Set up the Porytiles Homebrew tap via:
brew tap grunt-lucas/porytiles
Then you can install like:
brew install porytiles
To download updates, you can use the standard Homebrew flow:
brew update && brew upgrade porytiles
Porytiles is not yet available as an apt PPA,
but I am planning to look into this in the future.
If you don't have brew or don't want to install it,
you can still install Porytiles manually.
Your first step is to download the release for your desired platform.
Navigate to the Releases section.
Find the release you want to download.
Then simply download porytiles-linux-X.zip,
where X corresponds to the architecture of your system.
If you're not sure what your system architecture is,
it's probably amd64.
You can check the output of uname -m to determine your architecture.
Note
The Linux release for Porytiles is statically linked, so you do not need to install any additional libraries.

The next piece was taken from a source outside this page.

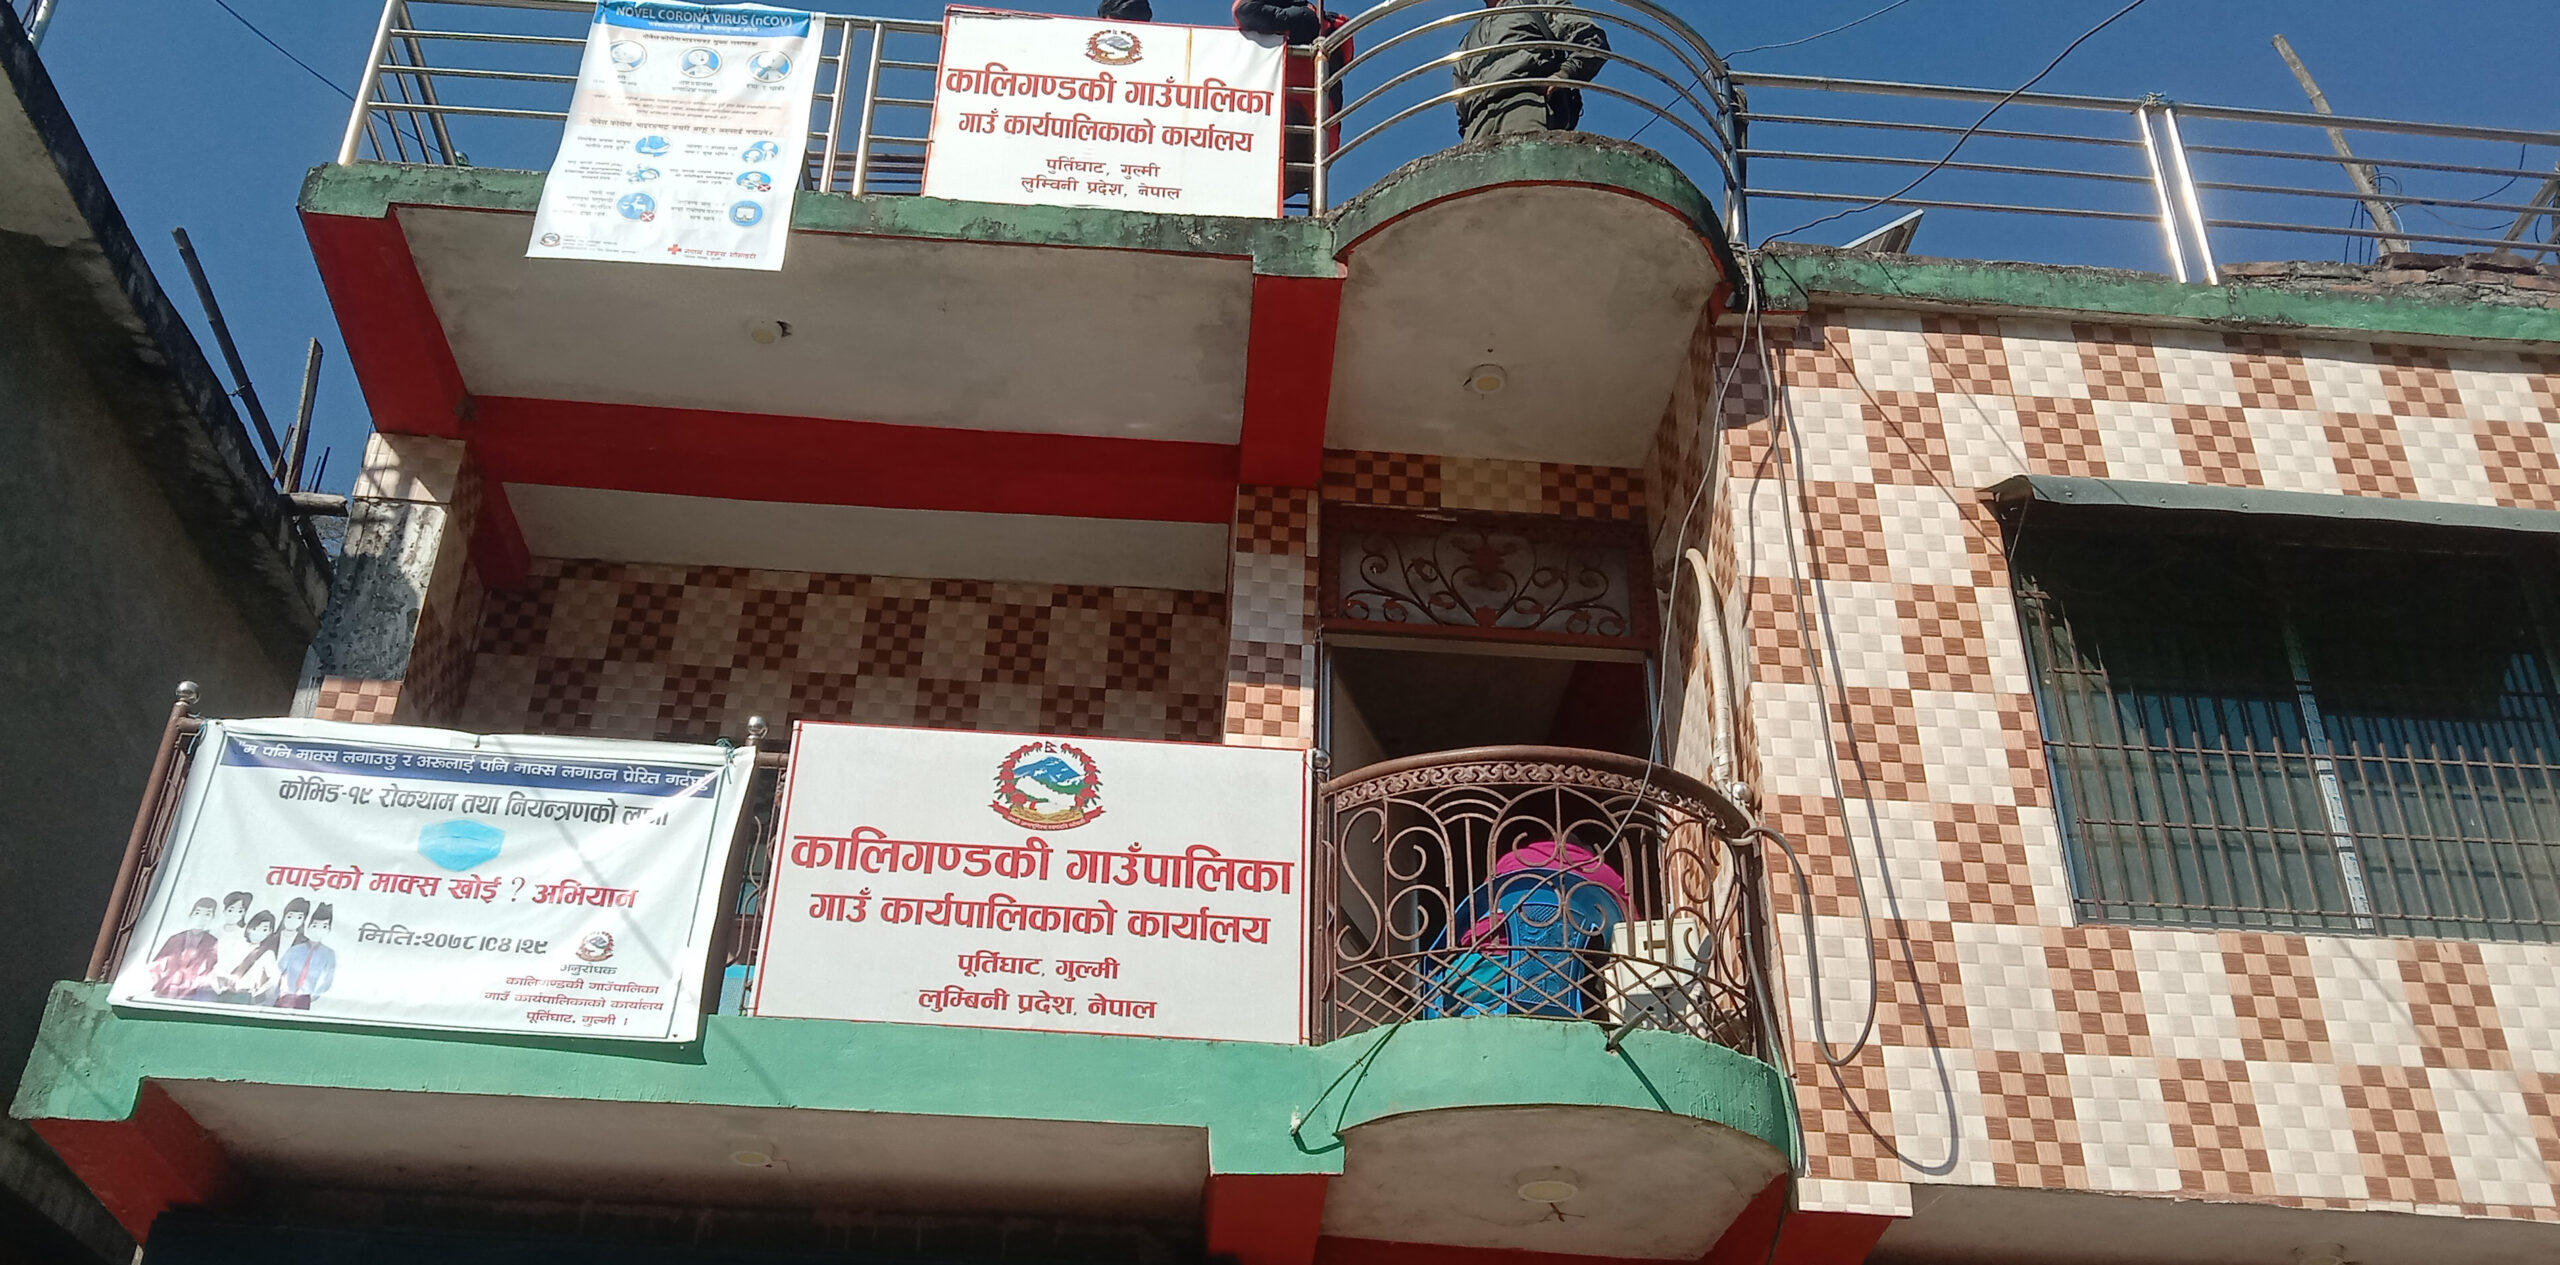 Kali Gandaki promoting banana varieties for self-employment
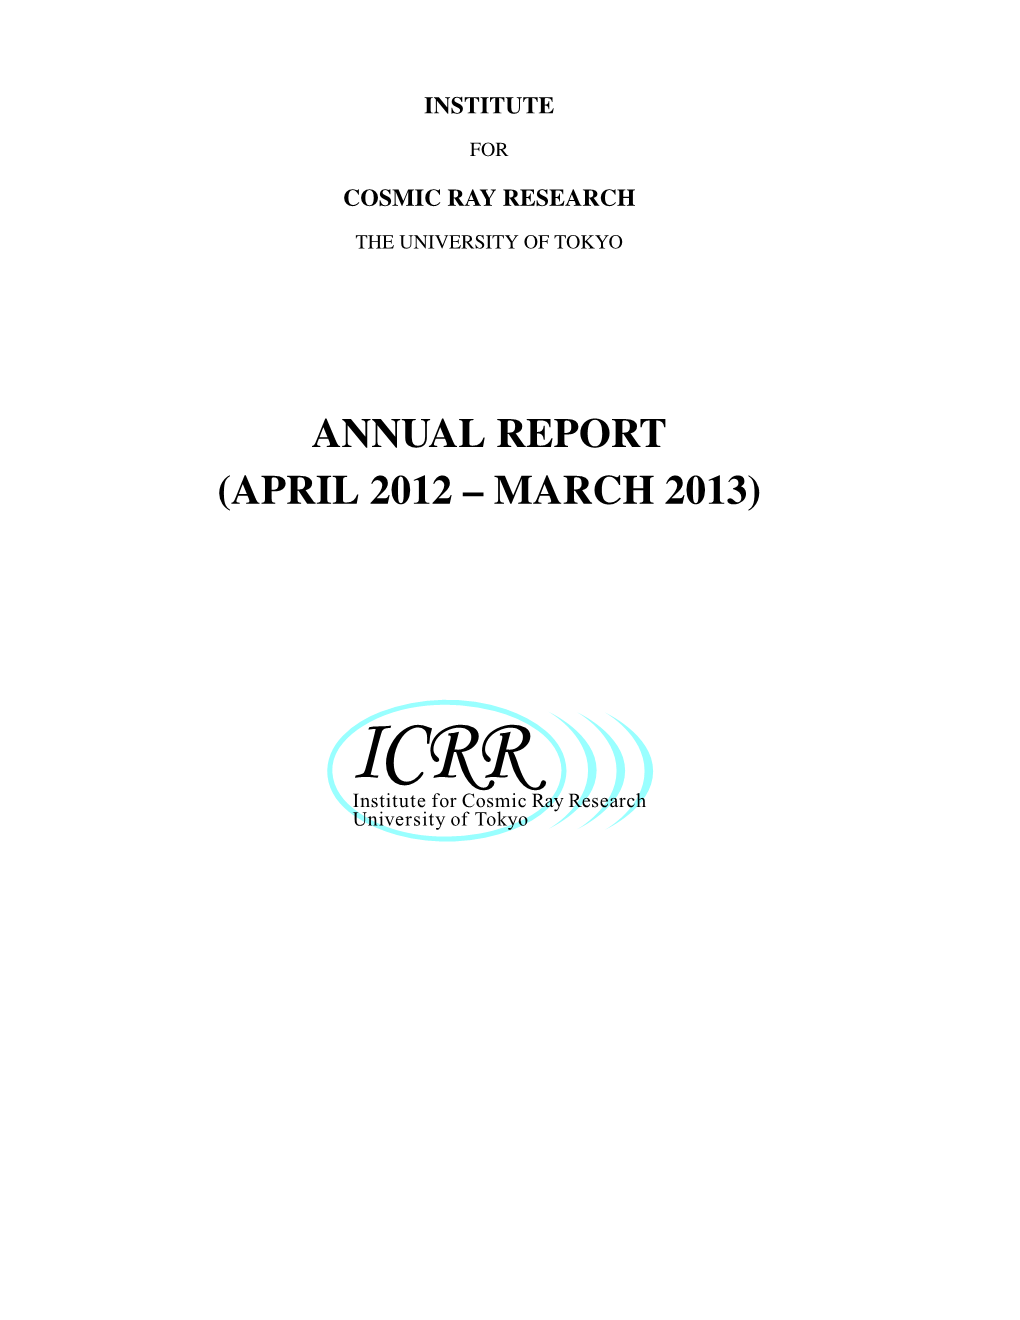 ANNUAL REPORT (APRIL 2012 – MARCH 2013) Editorial Board MIYOKI, Shinji YOSHIKOSHI, Takanori BAI, Lili HAYASHIDA, Misato

Everything should work out of the box!
Navigate to the Releases section. Find the release you want to download. Go ahead and download the porytiles-macos-X.zip for the X that corresponds to your MacOS architecture. If you are using a newer Mac laptop (i.e. Apple silicon, M1, M2, etc) that's arm64. If you happen to have an older Intel Mac, never fear, just grab the amd64 release. You can run uname -m to check if you're unsure of your Mac's architecture.
Warning
While the MacOS Porytiles release statically links libpng and zlib, MacOS does not support static linking for the standard library. The MacOS Porytiles release is currently dynamically linked against your system's C++ standard library. You may run into problems if your system libraries are too old (a particular concern if you're using an Intel Mac). If you run into this problem, you have two options. Either 1) update your system libraries by downloading the latest MacOS developer tools or 2) build Porytiles from source with a new(ish) version of clang or gcc.
Unfortunately, Porytiles does not support pure Windows at this time. If you are on a Windows machine, I recommend setting up WSL2 to run Porytiles. Once you have WSL2 set up, you can follow the Linux and WSL2 instructions above. Alternatively, you could try building from source. I have heard that MinGW can compile Porytiles with a little massaging. I don't have plans to support Porytiles compilation on pure Windows, but I am open to a PR contribution if anyone is able to get it working.
Next, unzip the download folder. And finally, place the Porytiles executable somewhere on your system $PATH. If you're not sure what this means, just run the following command:
sudo cp ${DOWNLOADED_FOLDER}/porytiles /usr/local/bin
where ${DOWNLOADED_FOLDER} is the name of whichever release directory you downloaded and unzipped. This will copy the porytiles executable to /usr/local/bin, which is the default Linux directory for user-installed exectuables!
Tip
If you're seeing an error message saying cp: porytiles-linux-amd64/porytiles: No such file or directory or something similar, never fear. Your current working directory is not correct. If you don't know what this means, I highly recommend you pause and read through this command line tutorial for Linux. If you're on MacOS, check out this alternative tutorial. Porytiles is a CLI application, so basic familiarity with CLI principles will be key to your success. Please invest the time!
Now you can run:
porytiles --help
to confirm everything is working. Porytiles should print a lengthy help text to your terminal. If you see bash: porytiles: command not found or something similar, that means Porytiles is still not on your system $PATH. Please revisit the Installing The Release instructions above.